*Task description:* Restate the whole of the data below word for word, skipping the images.

--- Supplied material Enclosed Below ---

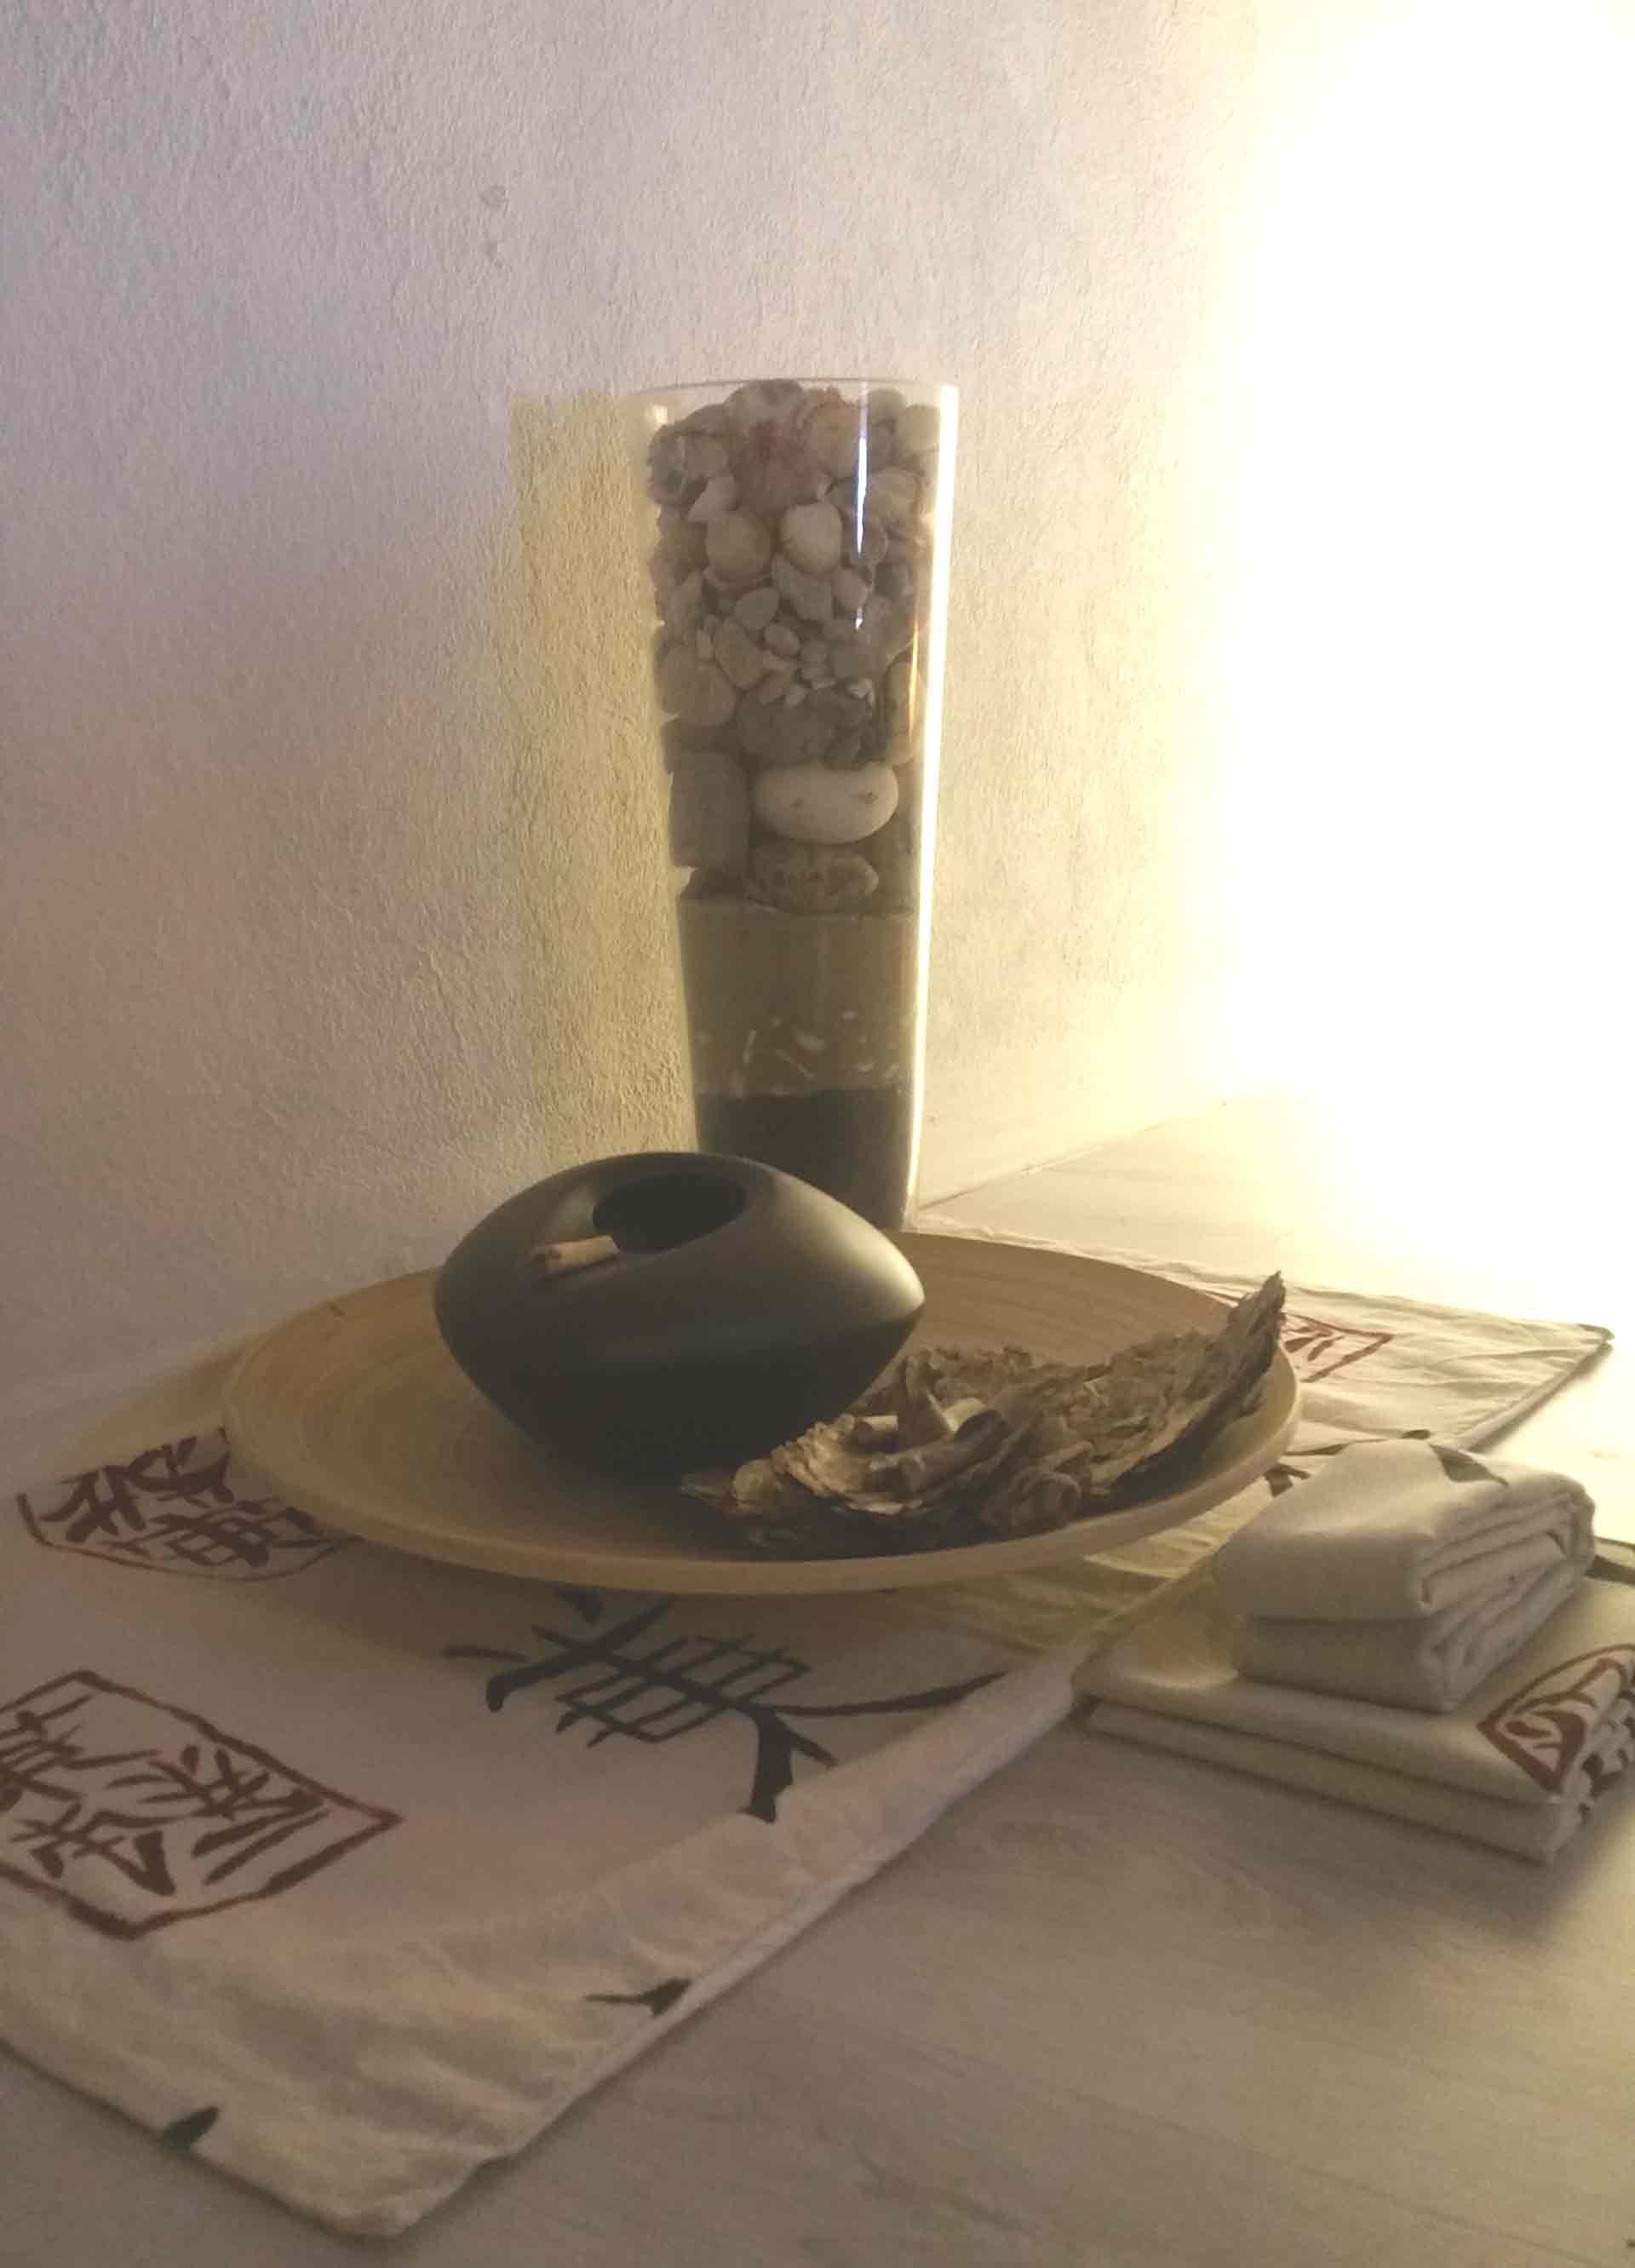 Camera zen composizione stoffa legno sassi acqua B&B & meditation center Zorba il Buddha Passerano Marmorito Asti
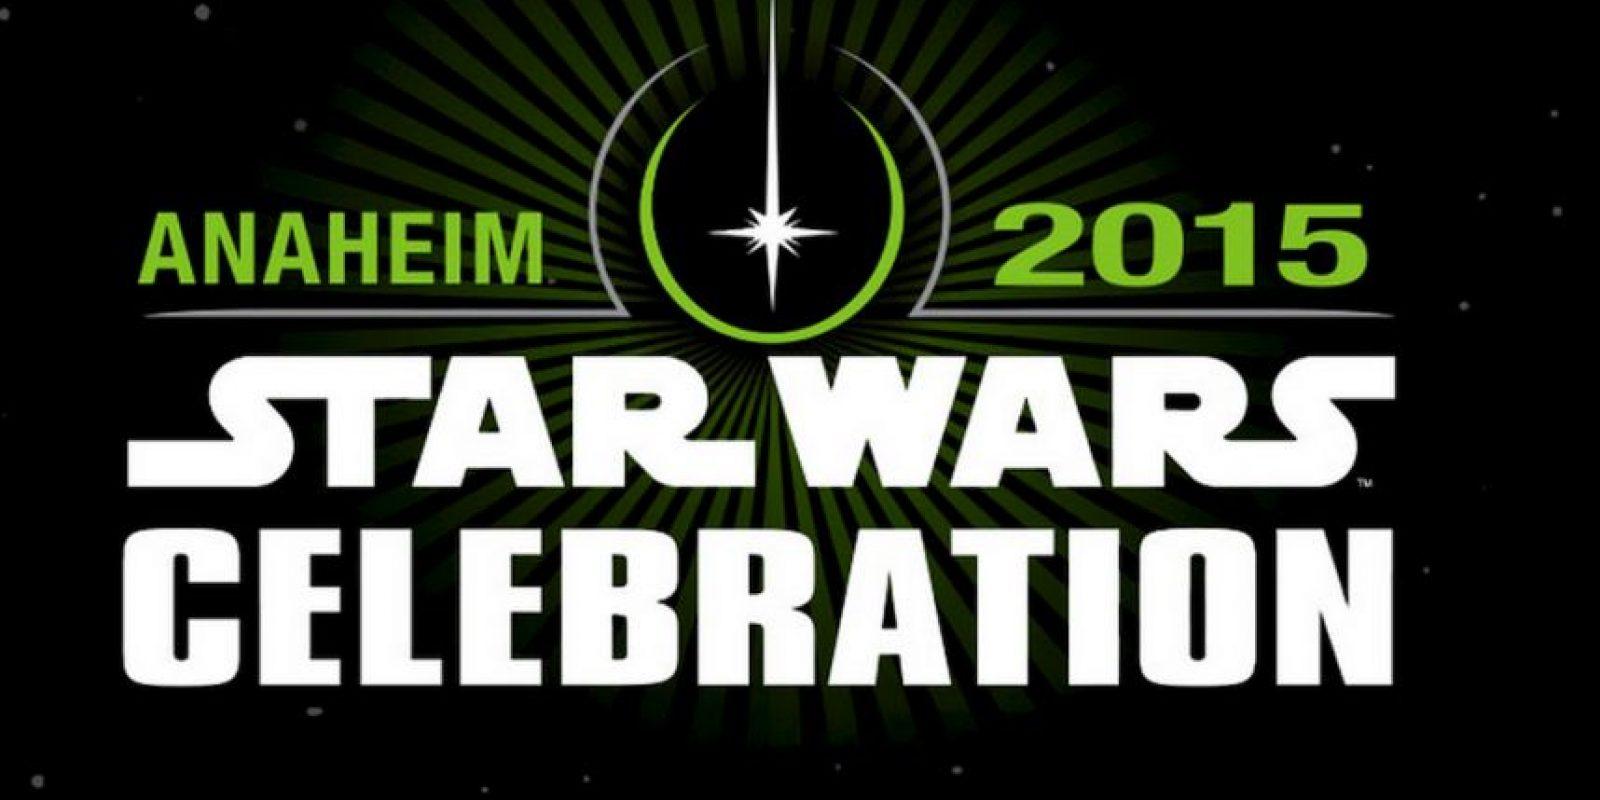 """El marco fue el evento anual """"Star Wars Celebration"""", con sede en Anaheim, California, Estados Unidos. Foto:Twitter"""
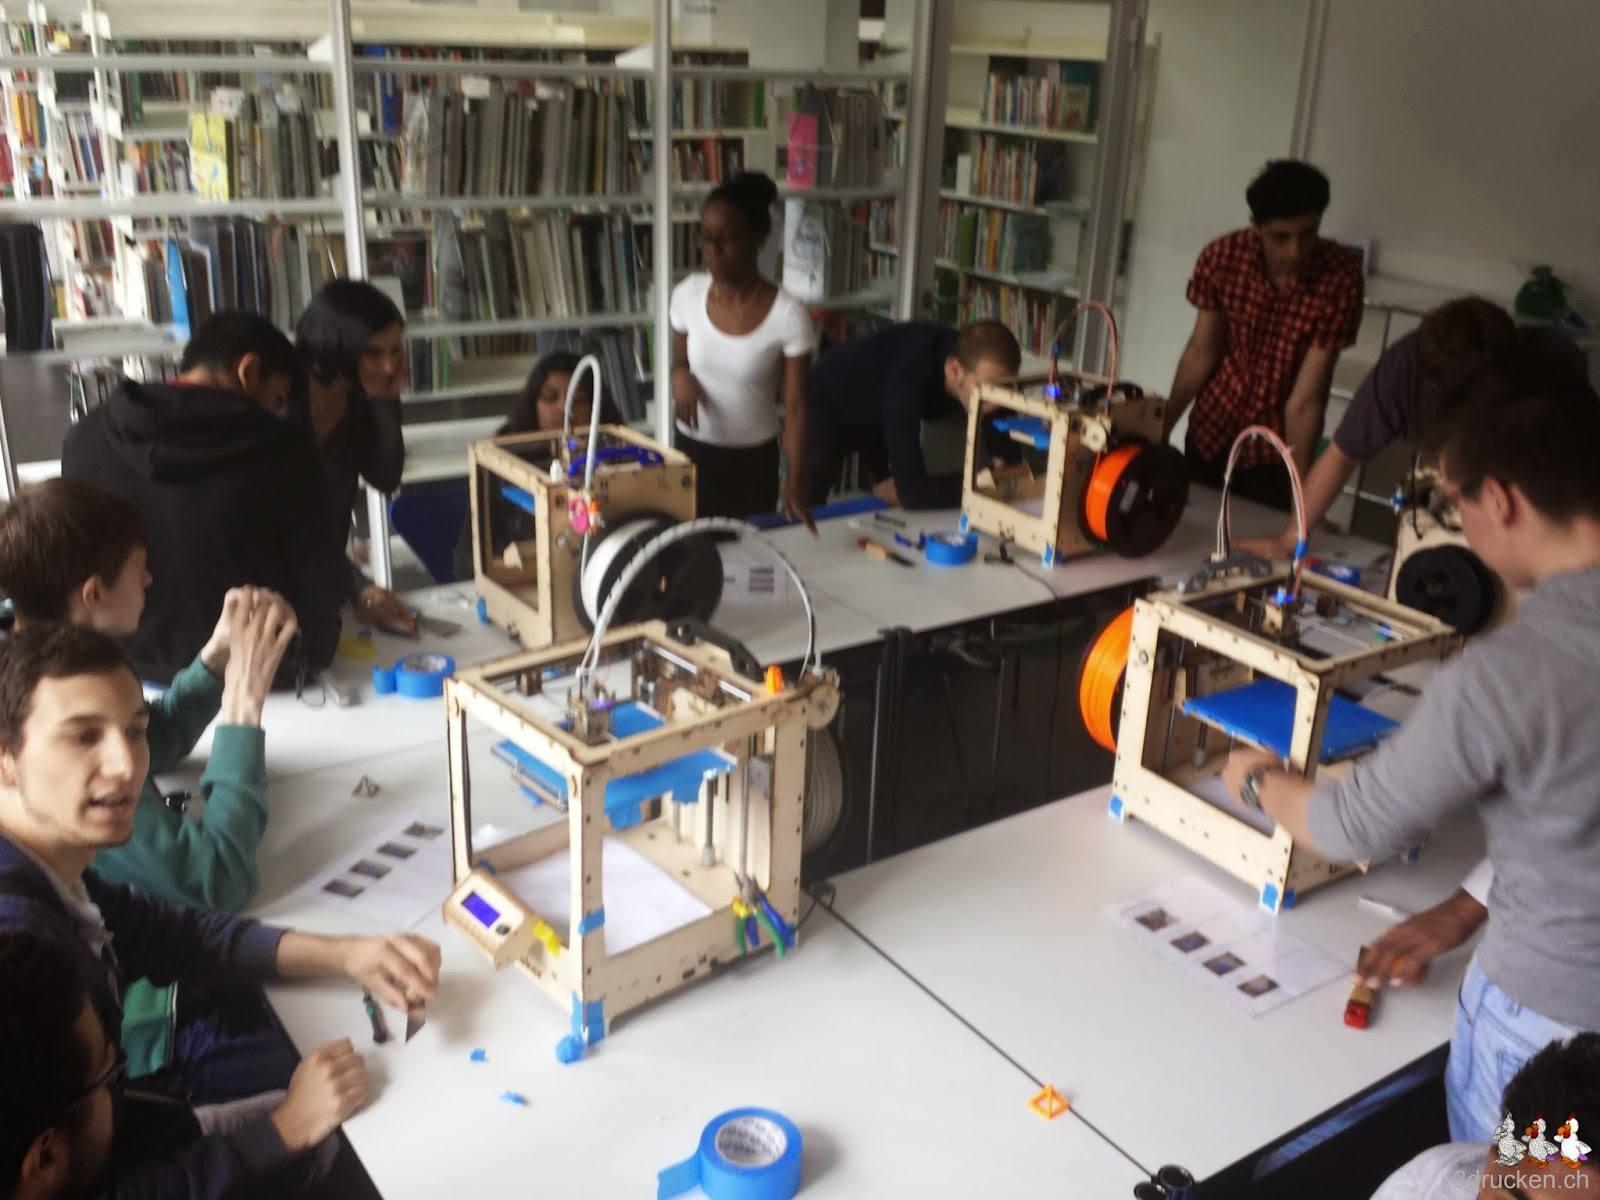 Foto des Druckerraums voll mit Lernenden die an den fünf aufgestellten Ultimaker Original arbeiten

--- End of Enclosed Supplied material ---

*Answer to the problem:*
 Camera zen composizione stoffa legno sassi acqua B&B & meditation center Zorba il Buddha Passerano Marmorito Asti
 """El marco fue el evento anual """"Star Wars Celebration"""", con sede en Anaheim, California, Estados Unidos. Foto:Twitter"""
 Foto des Druckerraums voll mit Lernenden die an den fünf aufgestellten Ultimaker Original arbeiten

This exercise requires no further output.